Wielu pasażerów narzeka, że miejskie autobusy się spóźniają. Ma się to zmienić
Co ciekawe, takie historie spotykają pasażerów tuż po kontroli, jaką 7 i 15 maja przeprowadził Zarząd Komunikacji Miejskiej, który w ramach restrukturyzacji oddzielony został od firmy przewoźnika i teraz on ustala rozkłady i sprzedaje bilety.
- Skontrolowaliśmy przewoźników 504 razy. 17 razy autobus odjeżdżał z przystanku przed czasem, 63 były opóźnione. Pięć razy kontrolerzy widzieli, jak kierowca w czasie jazdy rozmawia z pasażerem, a jeden autobus to nawet odjechał z przystanku z otwartymi drzwiami.

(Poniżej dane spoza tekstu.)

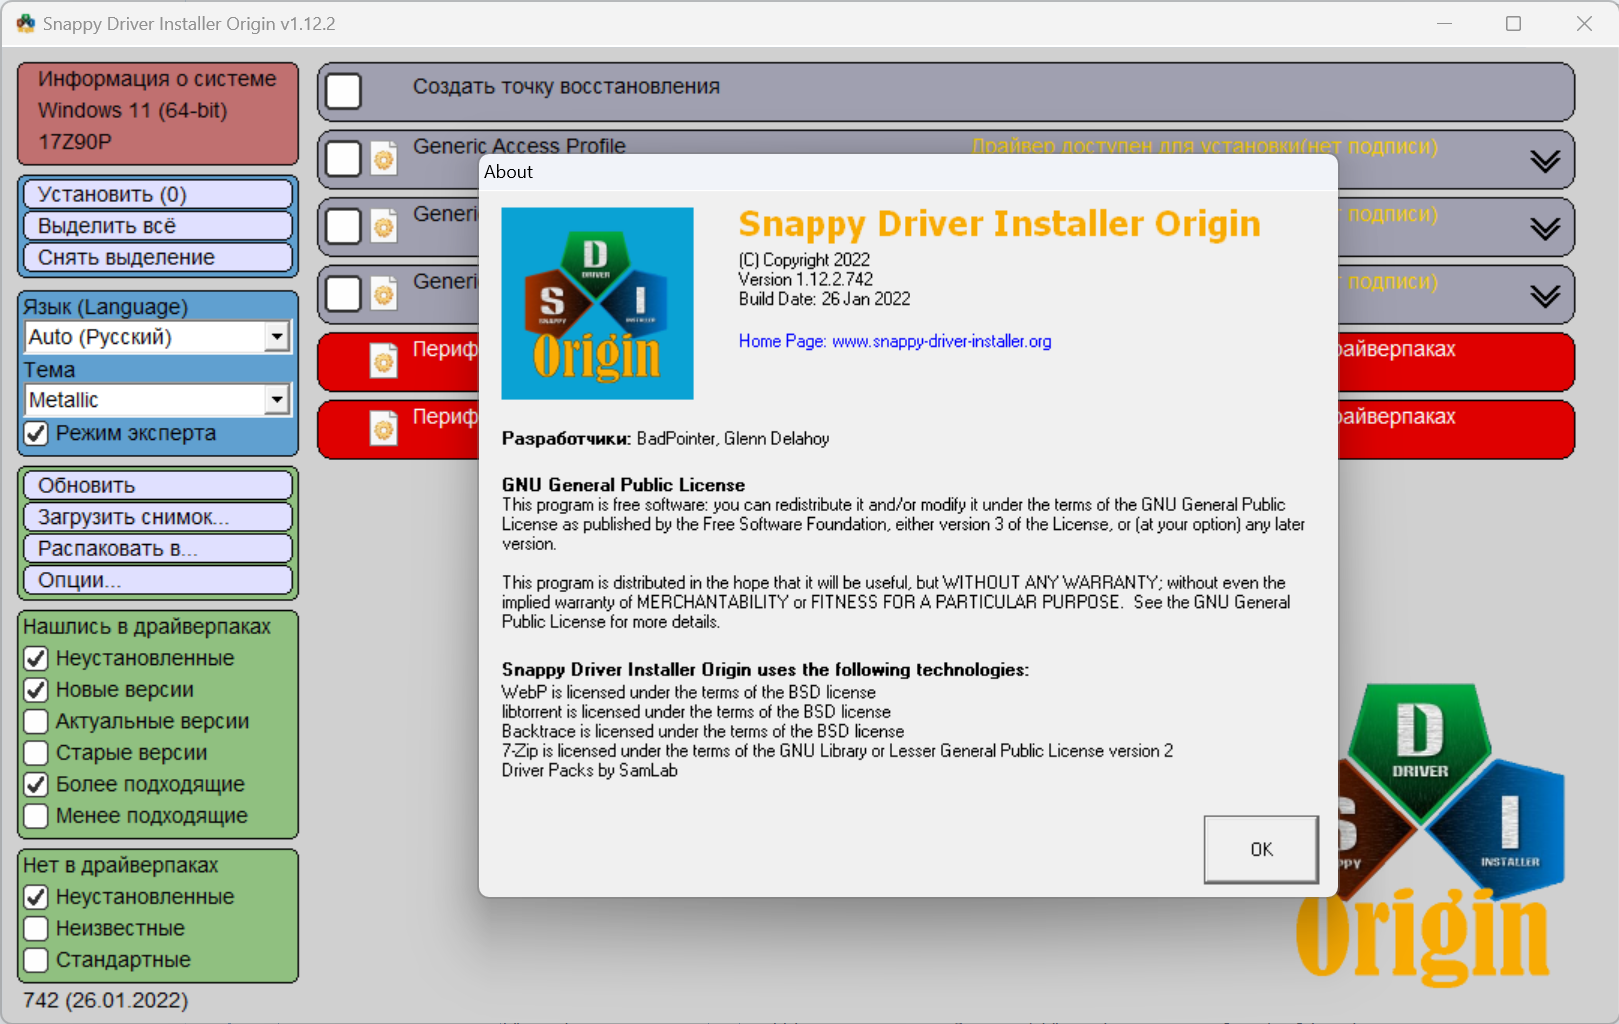 Snappy Driver Installer Origin R742 / Драйверпаки 22.03.2 [Multi/Ru]

Cztery linie były fatalnie oznakowane - wylicza Tadeusz Ułanowicz, dyrektor ZKM. - Zostanie sporządzony obszerny raport, by na przyszłość nie było takich sytuacji.
Pasażerów ucieszy fakt, że ZKM podpisał z Miejskim Zakładem Komunikacyjnym umowę, na podstawie której MZK będzie karany za przyśpieszenia lub opóźnienia kursów. Przepisy wejdą w życie 1 czerwca. Przewoźnik za przyśpieszenie autobusu więcej niż minutę lub opóźnienie kursu ponad 3 minuty zapłaci trzydziestokrotną wartość biletu jednorazowego.
Stanisław Socha, prezes spółki Miejski Zakład Komunikacyjny przyznaje, że będzie analizować raport z kontroli autobusów miejskich.
- Mamy wyciągnąć wnioski z kontroli. Może będzie trzeba skorygować rozkłady jazdy na liniach, na których jest najwięcej opóźnień. Coś też musimy poprawić w organizacji pracy - obiecuje prezes.
Zmiany rozkładów
Zarząd Komunikacji Miejskiej wprowadził kolejne zmiany rozkładzie jazdy:
• Linia "C” w niedzielę zmienia godziny odjazdu z ul. Robotniczej (pętla) z godziny 8.08 na 8.18 oraz z ul. Janowskiej (pętla) z godz. 7.36 na 7.52 i z godz. 8.36 na 8.52.
• Linia "D” w sobotę będzie miała dodatkowy kurs z al. Solidarności (3) o godz. 22.05.